La collinetta che si affaccia sul più breve seno
di ponente era invece meno salubre perché esposta
ai venti da Sud (tra cui l'Austro), e a causa del mare
poco profondo e poco mosso; e dovette essere abitata
solo saltuariamente dai Messapi e dai Romani, soprattutto
dopo che Cesare aveva ostruito, nel 48 a.

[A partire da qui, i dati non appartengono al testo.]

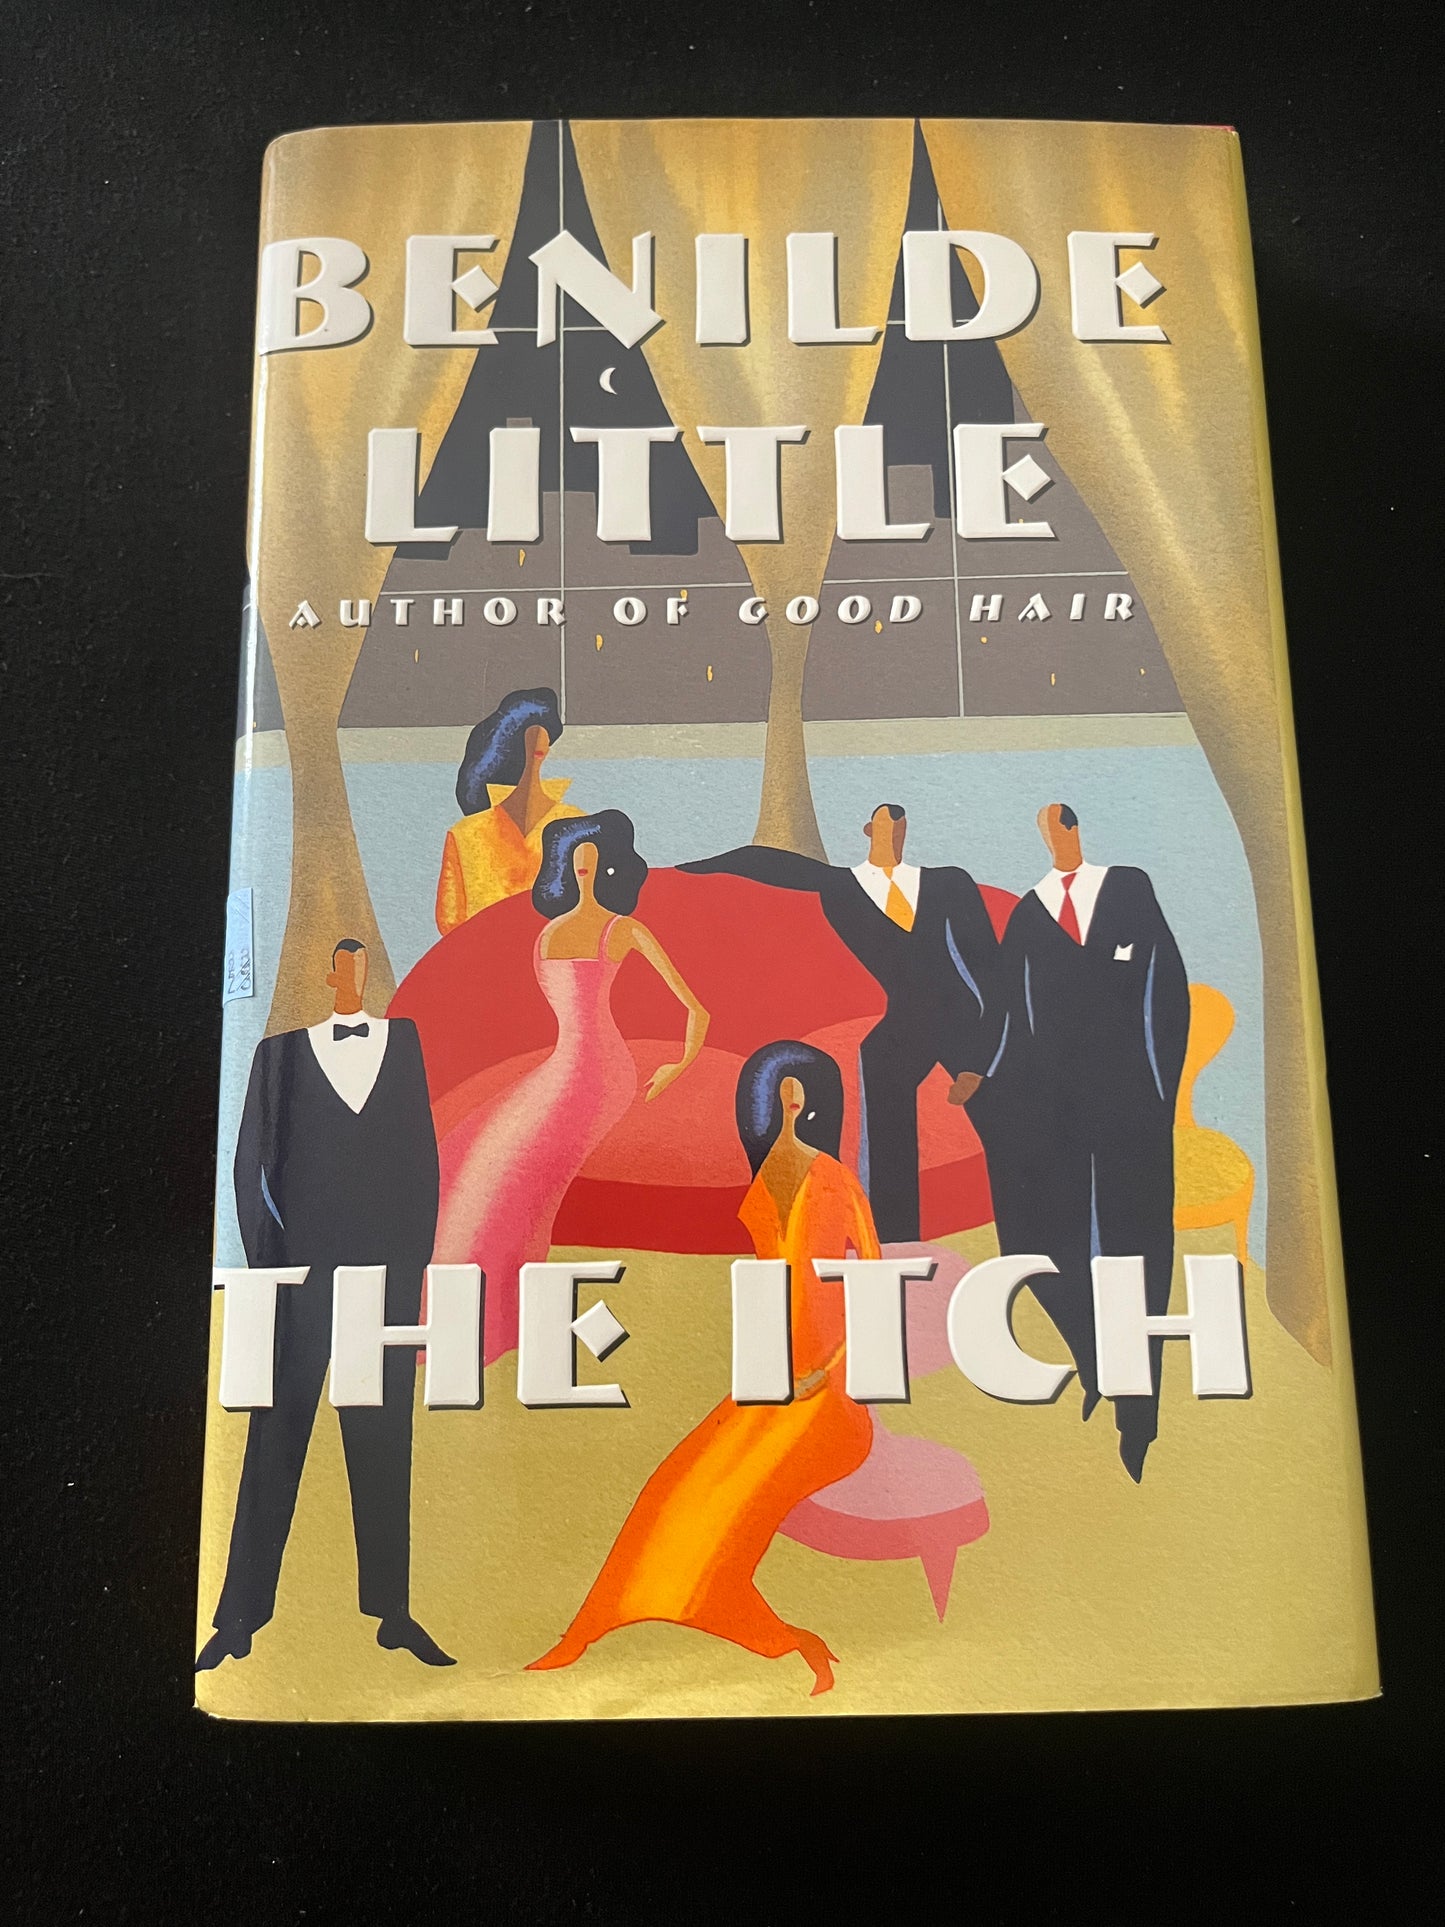 THE ITCH by Benilde Little

C., l'imboccatura
d'accesso al porto interno, rendendolo una palude.
Su
quest'altura, comunque, i Romani trovarono lo spazio
adatto per costruire la lunga e diritta via Lata (a
ricordo e somiglianza della via Trionfale di Roma),
che terminava in via Indipendenza.
Dei Messapi ci restano tratti di mura in via Camassa
(foto)
e corte Capozziello, oltre alle "trozzelle"
(foto a lato) esposte
al Museo Provinciale; i reperti lasciati dai Romani
in più di sette secoli sono molto più
numerosi e importanti, e in buona parte sono ancora
sotto le nostre strade e case.
Saggi di scavi stratigrafici eseguiti
in vico Seminario e via Casimiro e davanti al tempietto
di San Giovanni hanno riportato alla luce mosaici, rocchi,
plinti, sarcofagi e teste marmoree, rinvenuti fino alla
profondità di 2,75 metri (dopo i Romani il suolo
della città si abbassò di due metri e
più, probabilmente a causa dei terremoti del
VI secolo); ciò che rende necessario evitare
scavi che non siano finalizzati alla ricerca archeologica.